I know how you feel with the last bit about everyone around you having a girl and being jealous of that! 

I have a son and he is a total mummy's boy, so loving and sweet and it's looking at him that I don't mind so much which sex I have this time!


----------



## Jeninpa

I remember wanting a girl so badly my 1st pregnancy, to the point I wouldn't even fuss over or hold a baby boy. I only had 1 ultrasound with him & they couldn't tell if he was a boy or a girl so on 12-28-94 I found out, & it was a boy (Bryce Wesley)! I not only didn't even consider for a second once he was born that I'd rather he was a girl but he has also been the most perfect child anyone could ever hope for! He is amazingly sweet, handsome, extremely talented & intelligent <3 I have never had to yell it him a day in his life! lol He is now 17 & so responsible. I just adore him & would take all boys if only they were like him. So just to give you some hope! lol Also My pregnancy with my other 4 children went so smoothly with no morning sickness (boy, girl, girl, boy) but this pregnancy is kicking my butt!! I am sooo sick! So maybe every pregnancy is different & you won't be sick the next time! Good Luck!


----------



## Ecologirl

I can totally relate to what you first posted.
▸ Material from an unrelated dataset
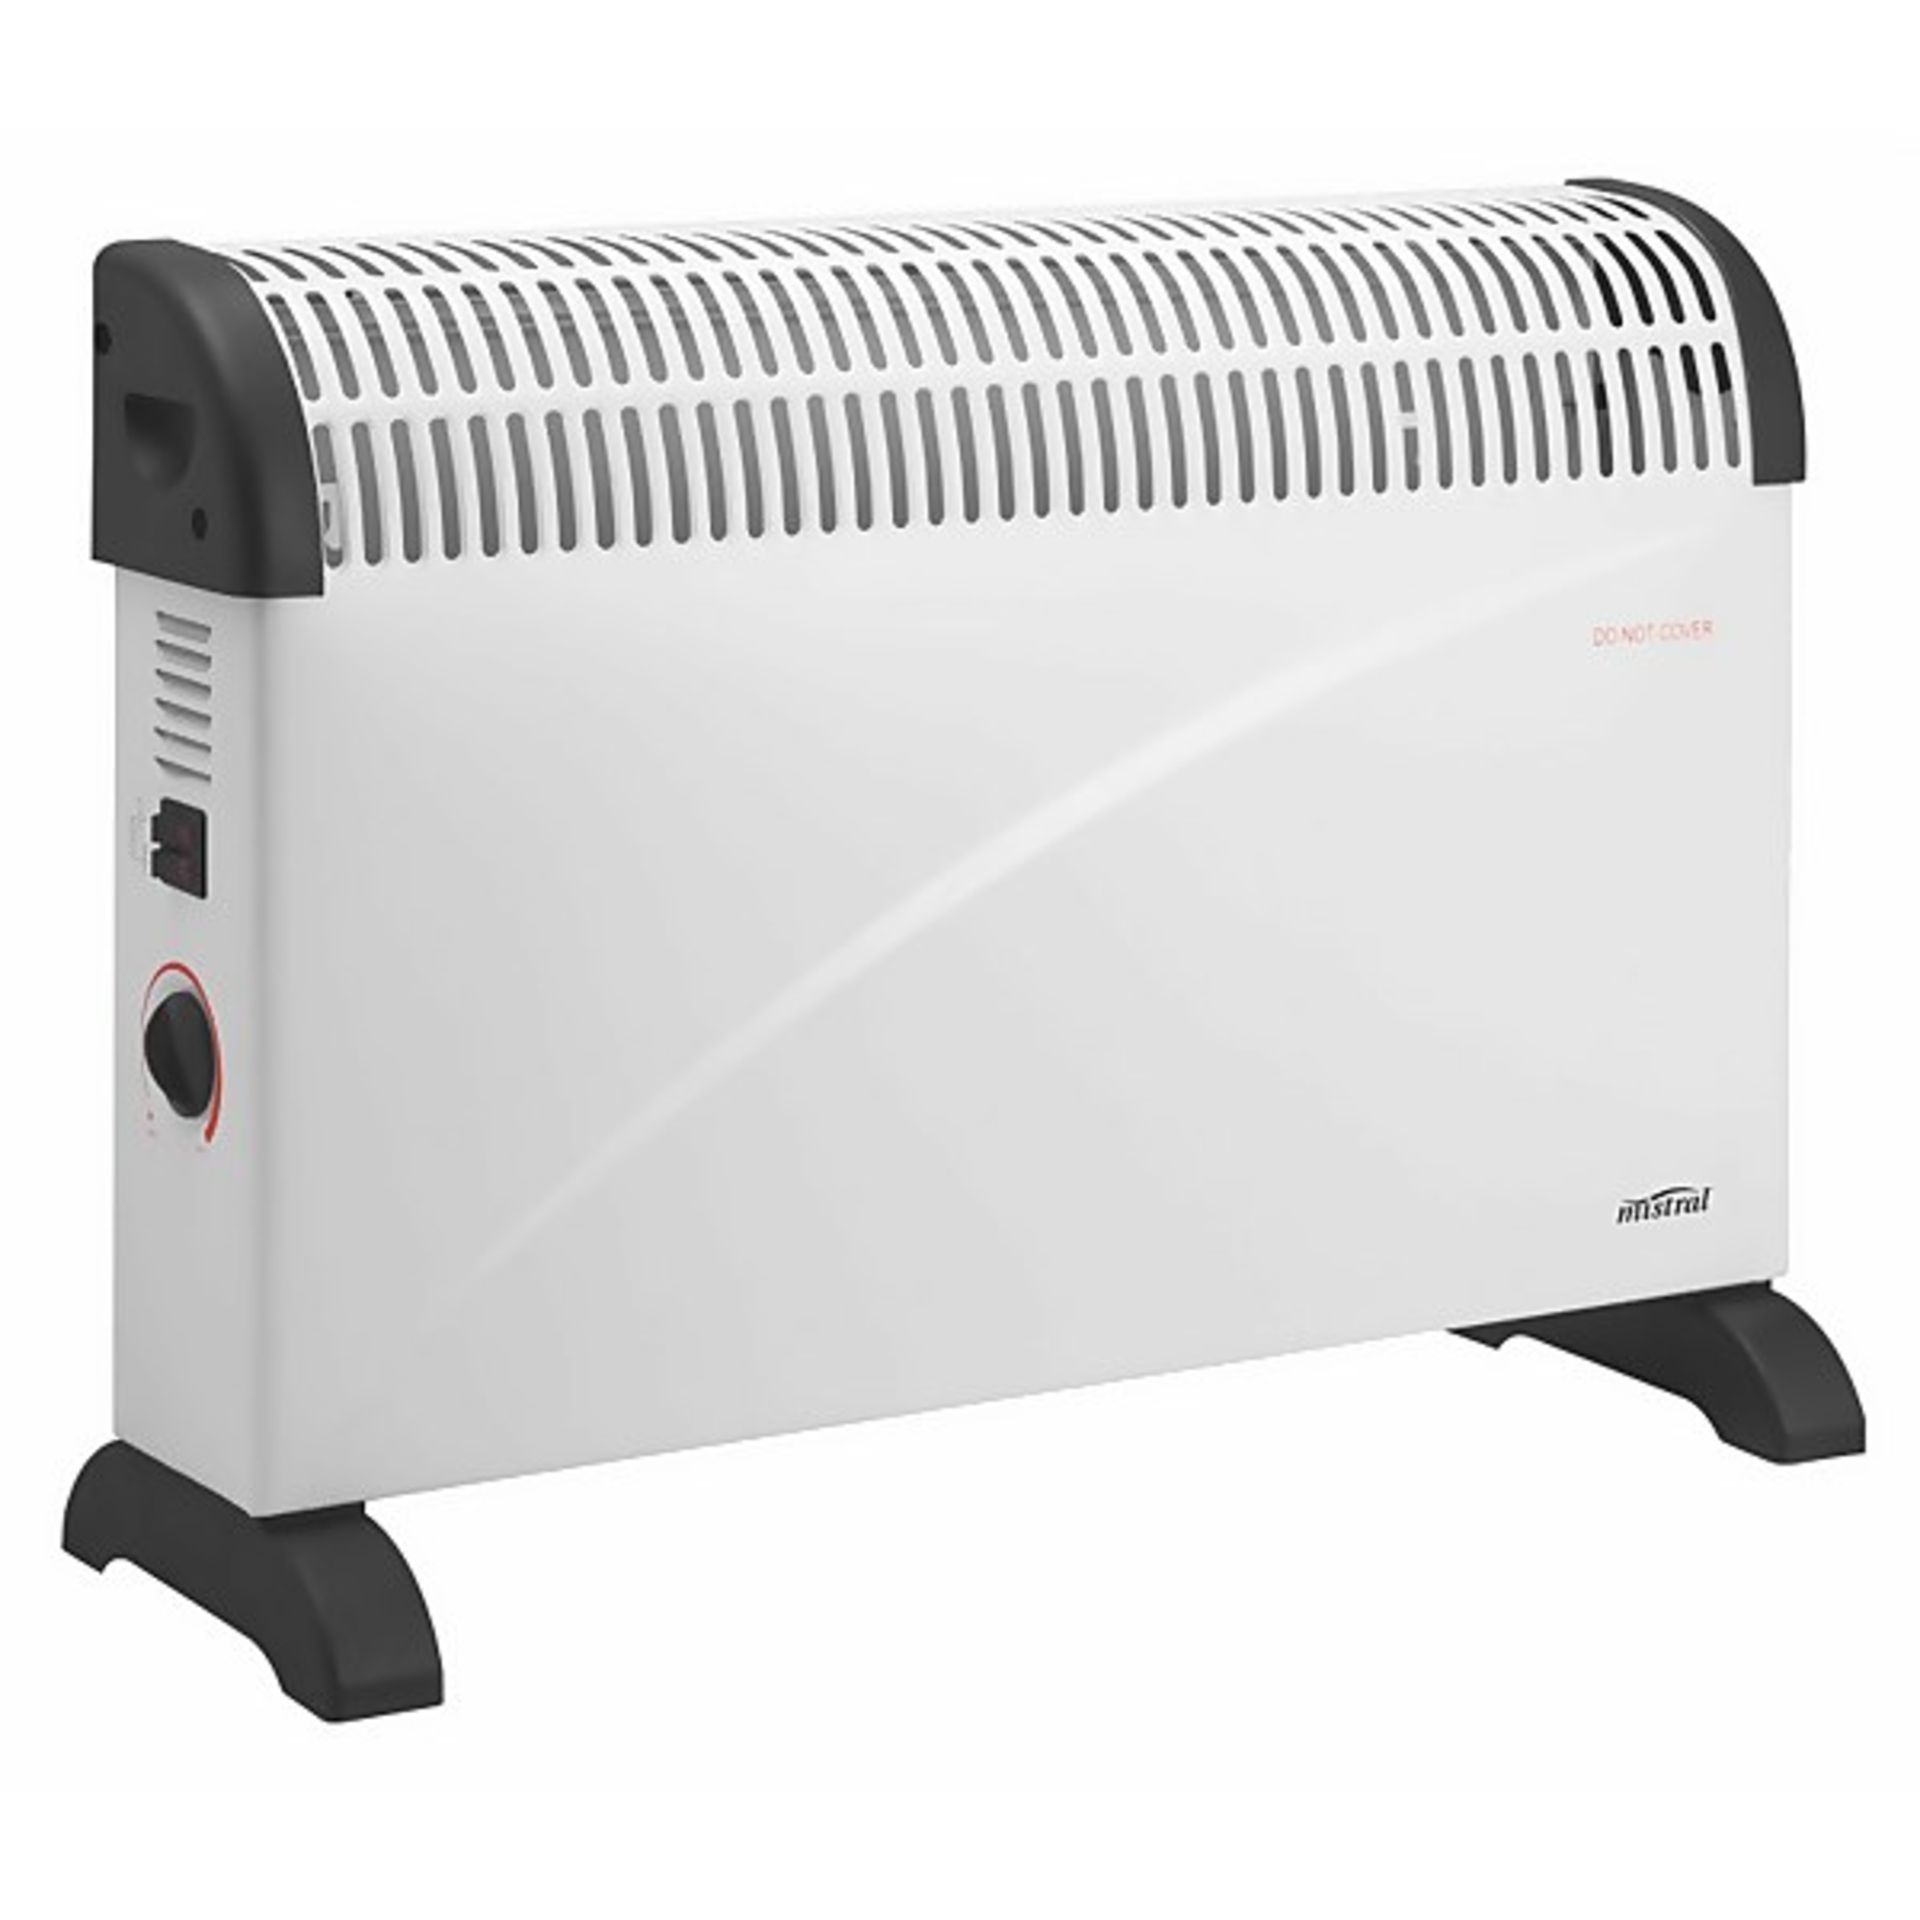 (R6P) Heating. 6 Items. 2x Stylec Oil Free Radiator 2400W (1x No Box), 2 x Arlec 2000W Ceramic He - Image 2 of 4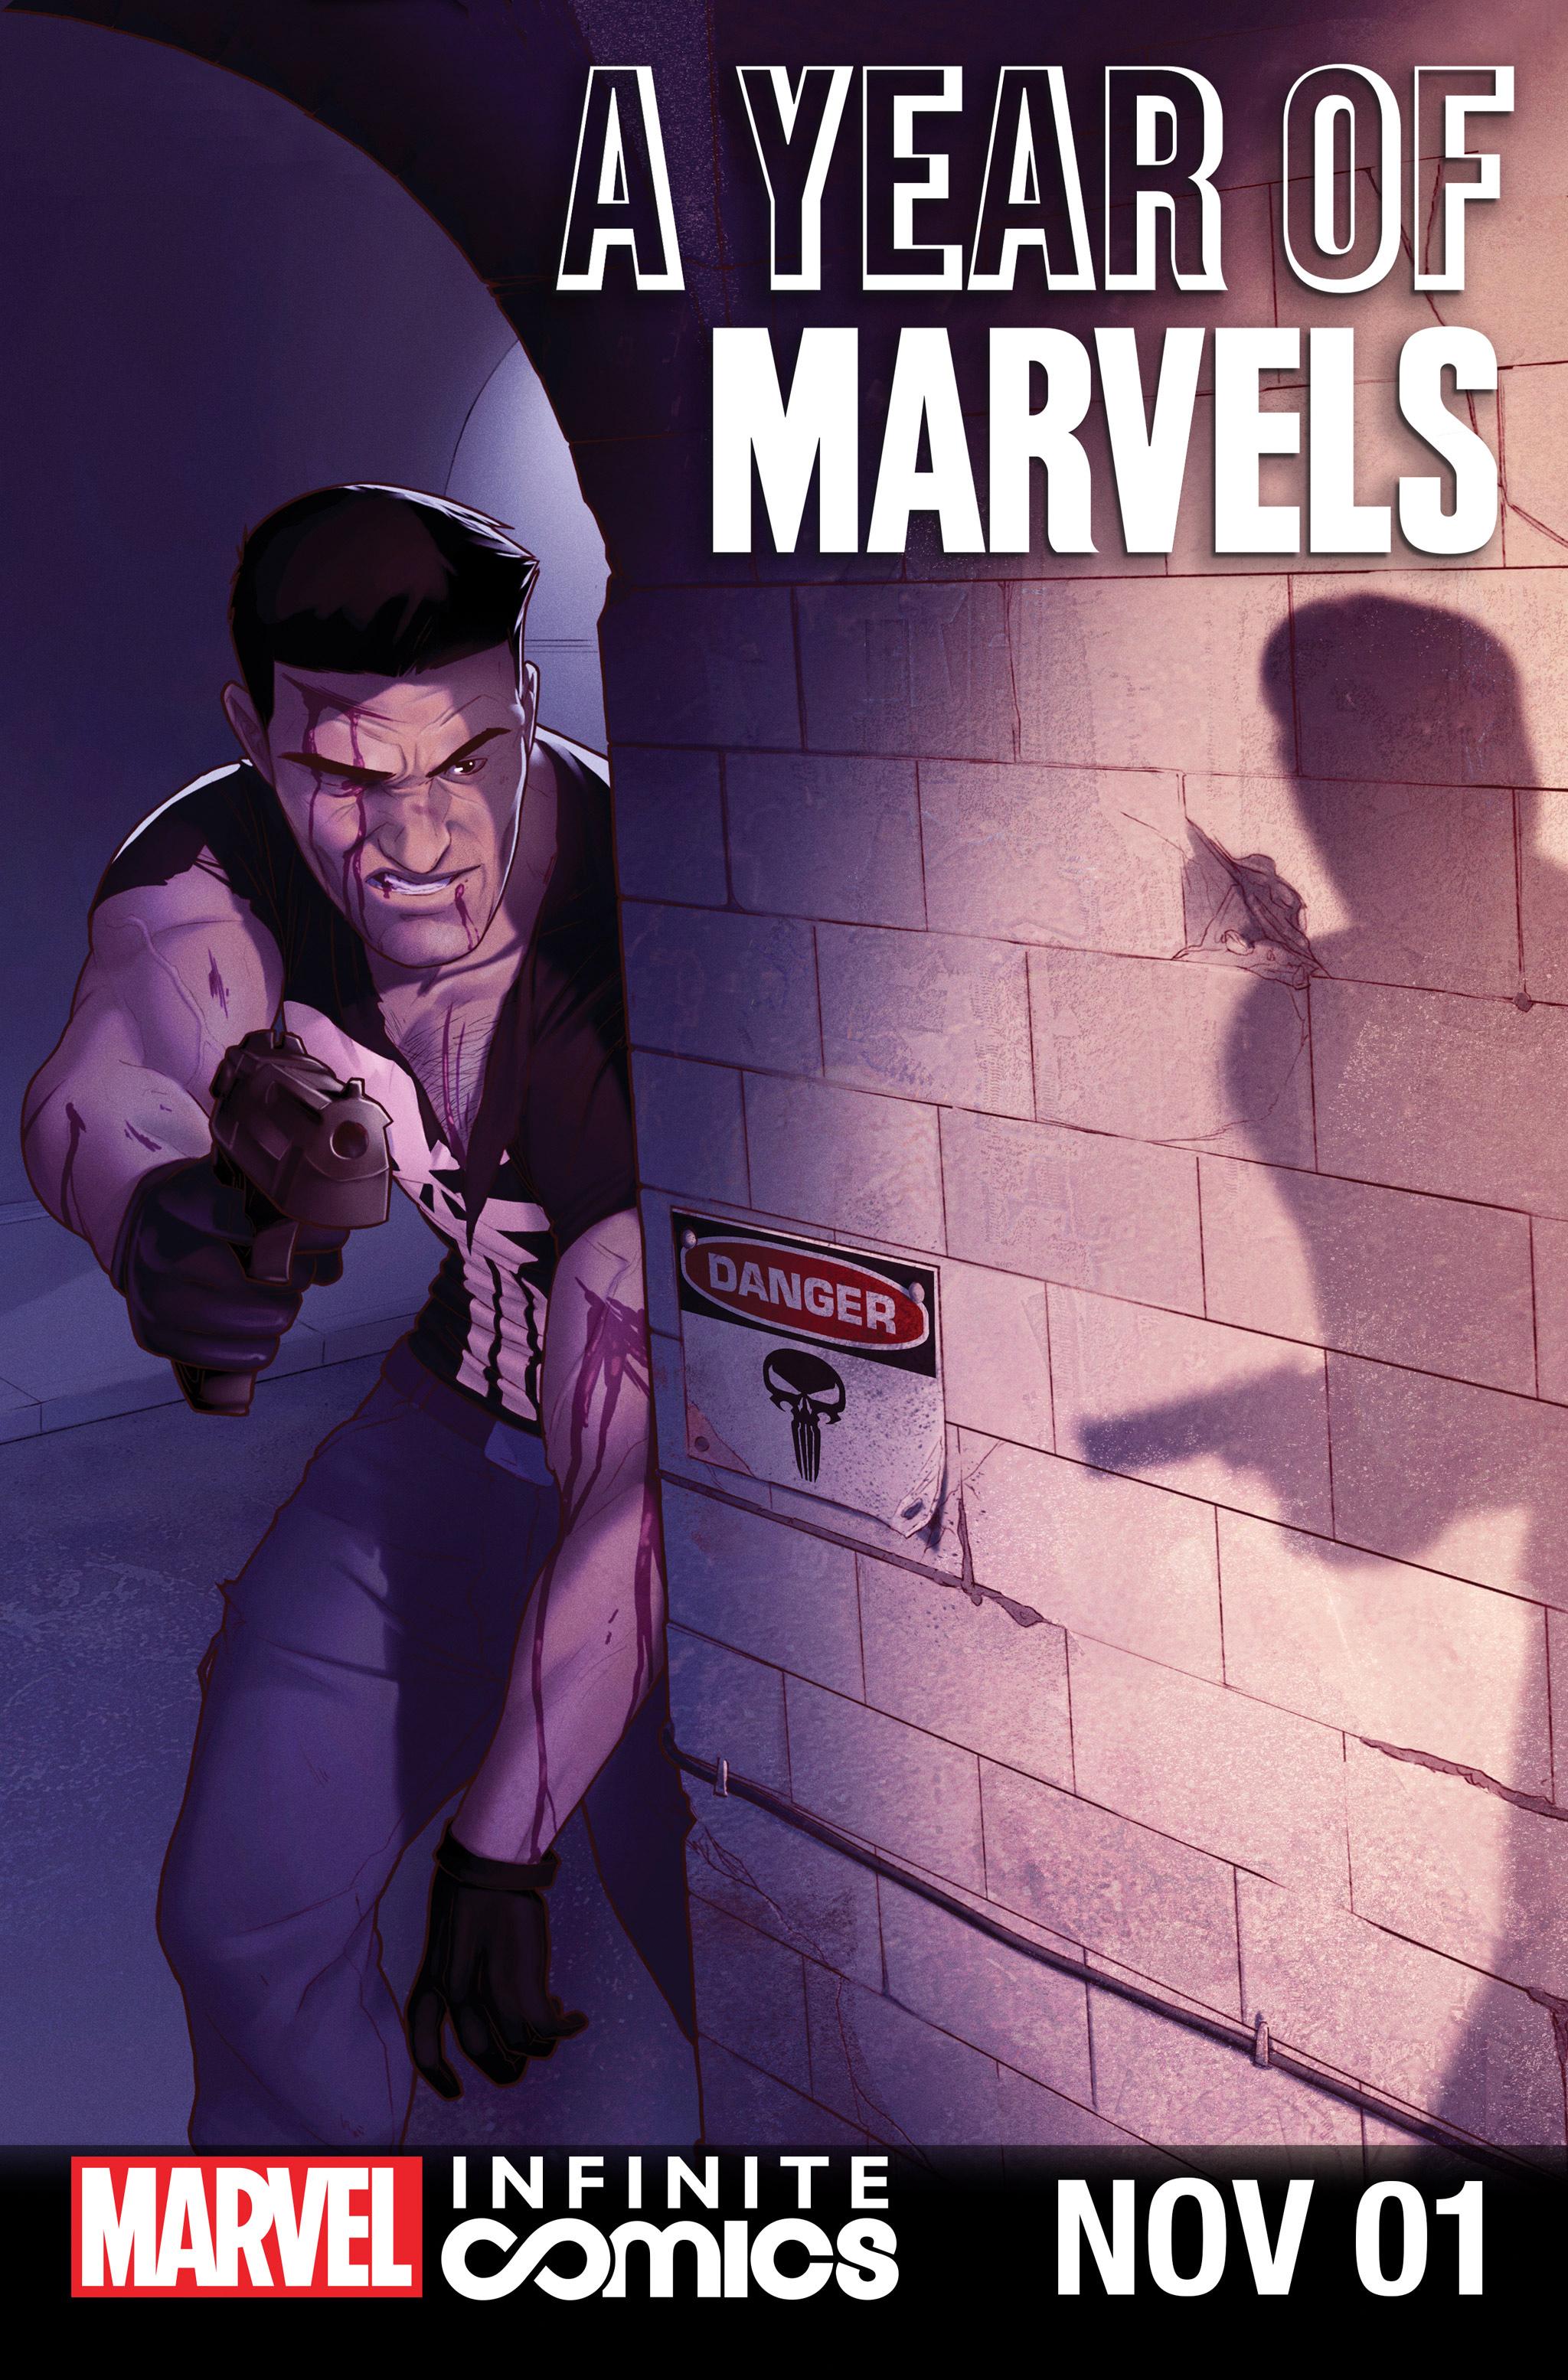 A Year of Marvels: November Infinite Comic Vol. 1 #1

I've just had my scan this morning and started crying as soon as I saw it was a boy and sonographer confirmed it. Only thing is this was my last chance. I find being pregnant extremely difficult because I have Pelvic Congestion Syndrome. So that's why it's so final. It took a lot for me to even want to try again after the last pregnancy. I don't know, all I can say that is I hope it gets better for us. I know how you feel about being jealous. I just feel heart-broken, feel like I've lost something because I had her pictured in my mind so clearly too. I had such beautiful girls names ready to go. I've just posted another thread about my experience today if you want to read, but hope you can stay strong and start feeling more positive each day. I know what you mean about everyone hoping for you. It was the same with me, all my friends, family. Now I'm sure everyone thinks I'm the most pathetic person in the world. Horrible and pathetic. Hope I feel a bit better as the time goes on. Let me know if you find anything to help or if suddenly it just clicks for you and starts to feel right. Sending hugs your way :hugs::hugs:


----------



## Mummy2B21

Hugs x


----------